El Ramón que solo quería ser actor comparte este ciclo intenso y vitalista mientras lidera Karraka, una de las compañías referenciales de una generación que ha edificado el teatro vasco de nuestros días, en sus éxitos y sus fracasos, siempre en su voluntad tenaz por crear una realidad posible a partir de casi nada.
Luego llegó el camino personal de crecimiento en hondura interpretativa, en oficio, en popularidad. Es ya un largo camino que tiene posada en Madrid, como el de otros muchos intérpretes vascos a los que el país no puede contener o no quiere aceptar, cada quien sabrá qué le corresponde, aunque en este caso muy probablemente por algo de ambas posibilidades y, desde luego, sin sensación alguna de pérdida para la creación del país por parte de los gestores públicos responsables de su desarrollo escénico.

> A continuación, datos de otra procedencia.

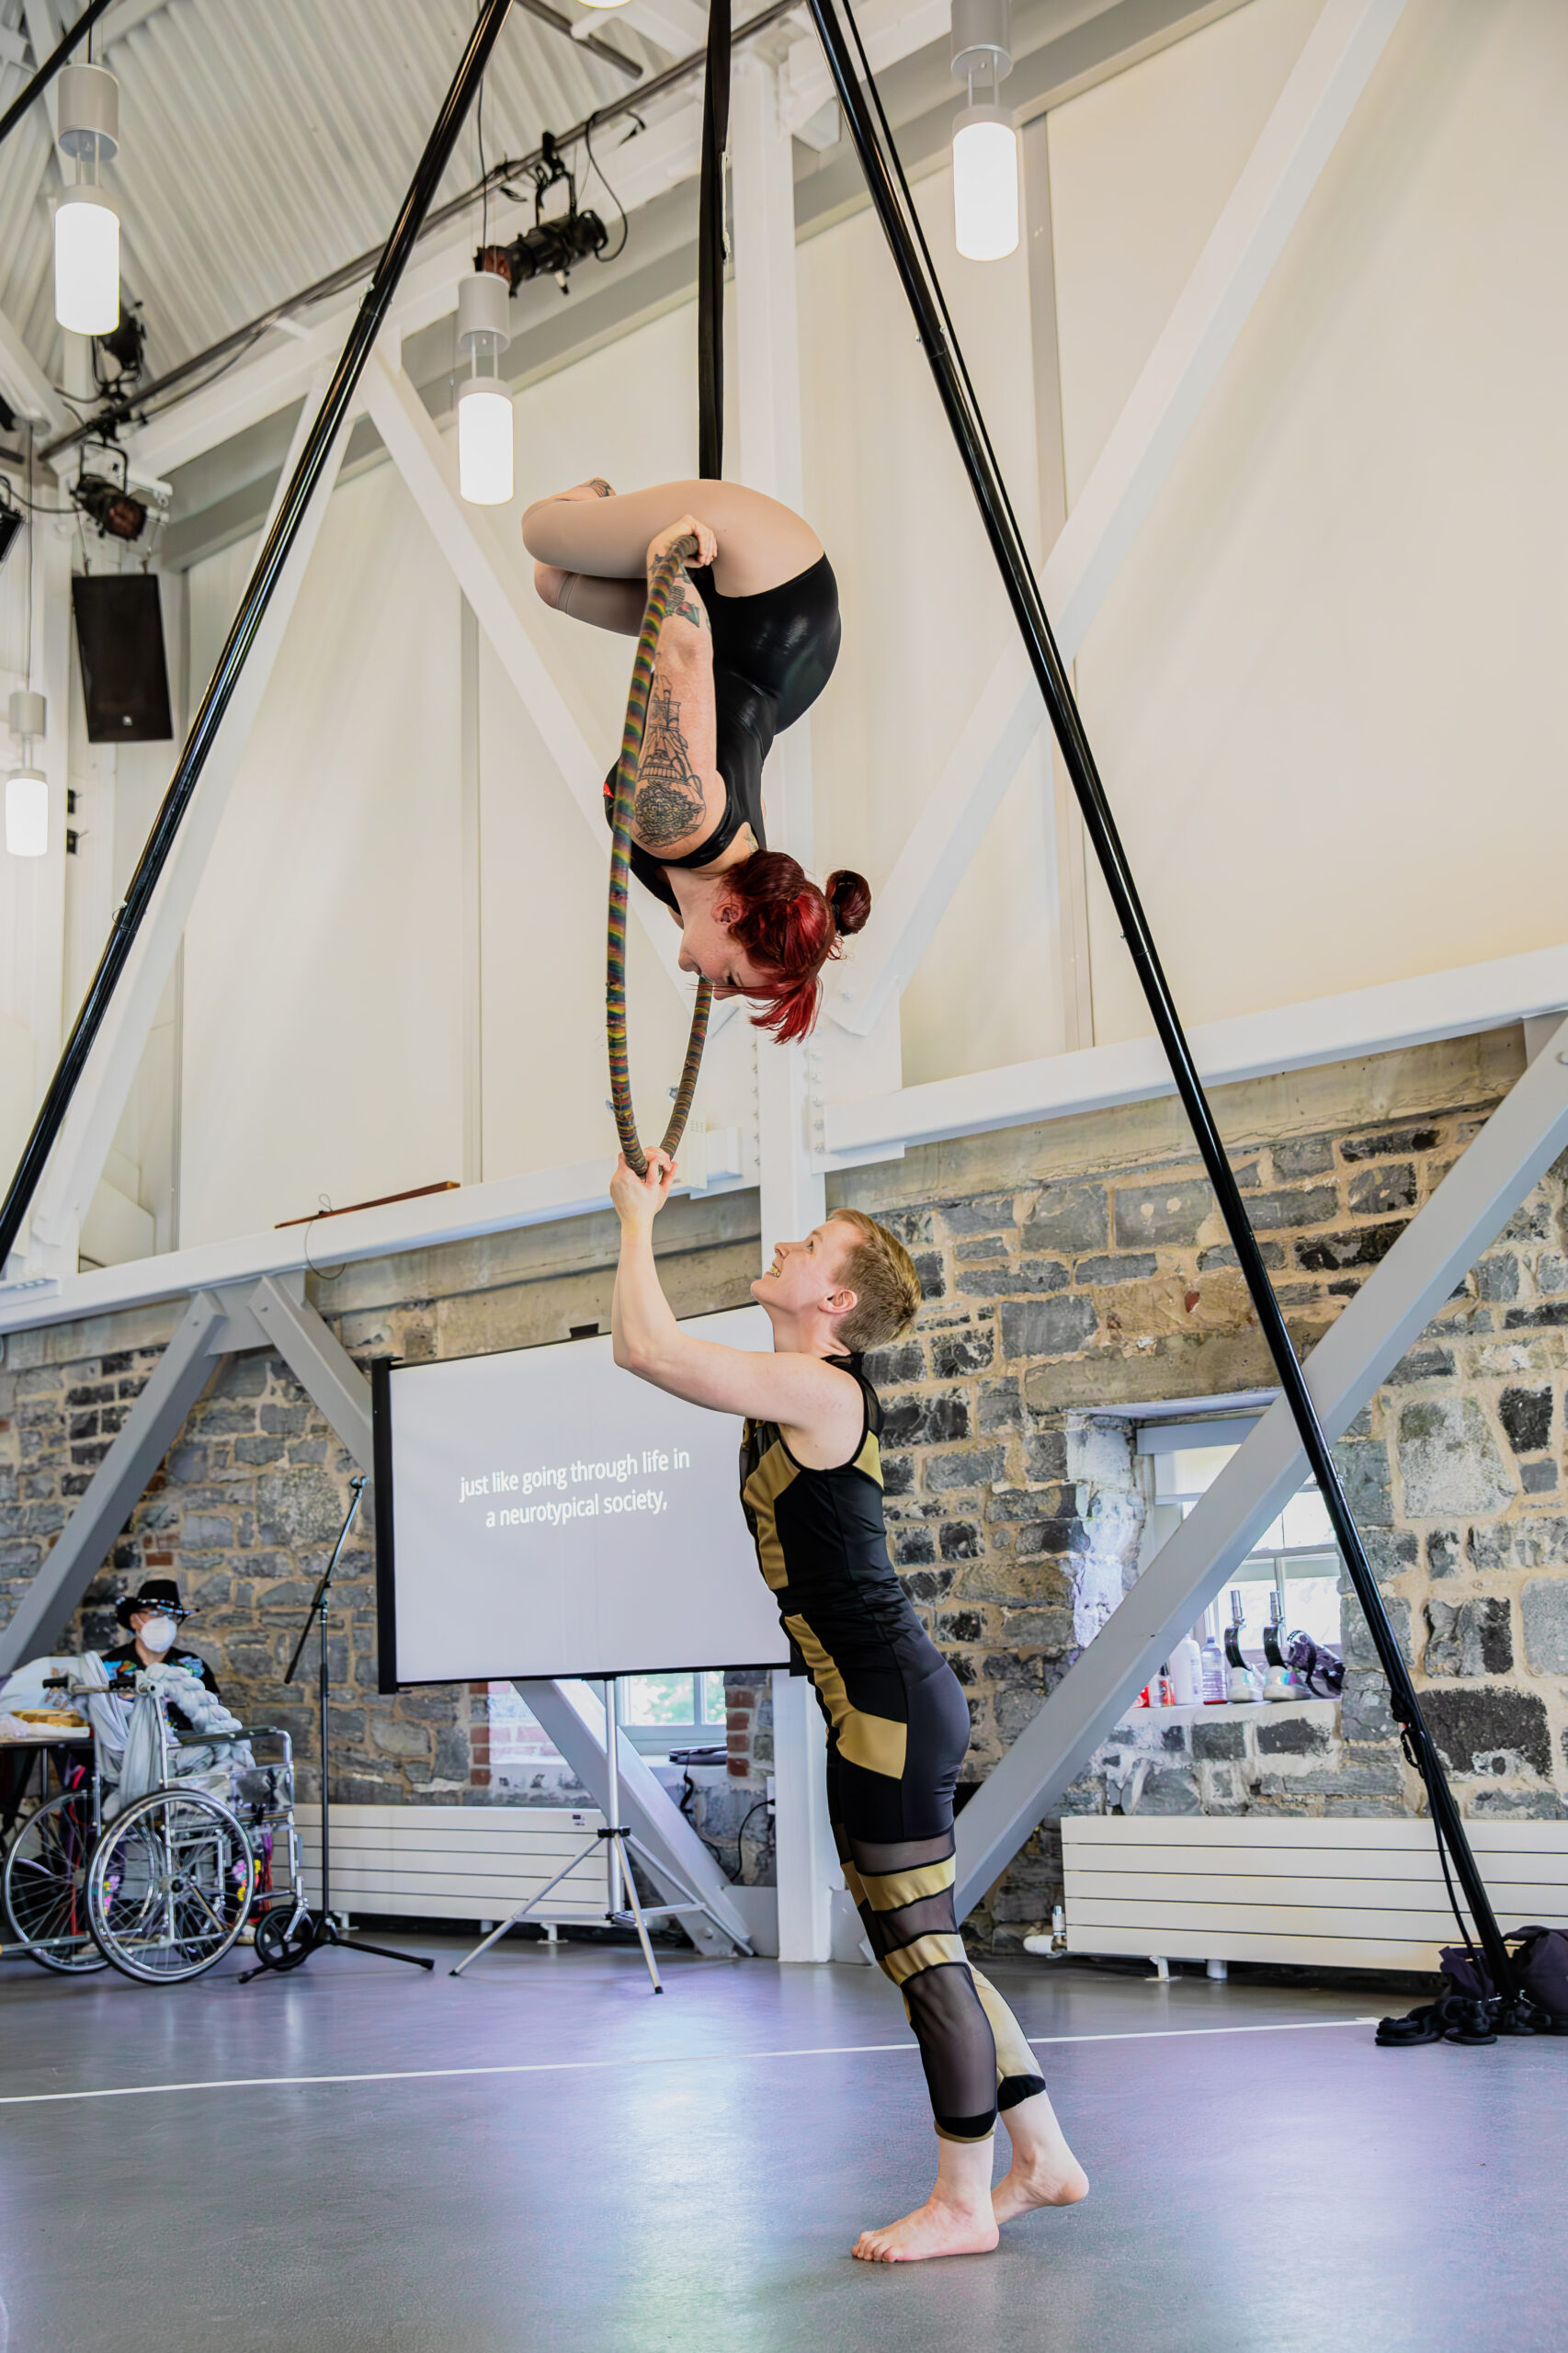 A photo of Erin and Maxime during an aerial hoop performance. Erin is a white queer Disabled (double below knee amputee and neuro non-conforming) human with fiery red hair styled with bangs and two buns. Maxime is a white joyful trans and non-binary person with short ginger hair. Erin hangs upside-down from the top of the hoop, with zir body folded over it and both hands holding the hoop. Maxime stands on the ground, with both hands on the bottom of the hoop. Erin and Maxime look at each other joyfully.

El caso es que el Ramón que solo quería ser actor se convierte por momentos, sin pretenderlo de ninguna manera, en el retrato del actor bilbaíno, de provincias en la capital del reino, en una suerte de símbolo de la profesión que busca obligadamente en Madrid aquellas oportunidades que su suelo no le ofrece.
El cine y la televisión caracterizan durante un buen período su actividad. La popularidad es un fenómeno desconocido al que acostumbrarse según los ciclos que la televisión marca. Mientras se adapta, lamenta que tras ya casi una vida de pisar escenarios la gente le salude por la calle con el nombre de su último personaje televisivo mientras esté en antena. Se ve en la obligación de aferrarse a su ADN escénico y defender la elevación de la interpretación teatral, promoviendo tenazmente proyecto tras proyecto, entre viajes, inseguridad económica y teléfonos que no siempre suenan.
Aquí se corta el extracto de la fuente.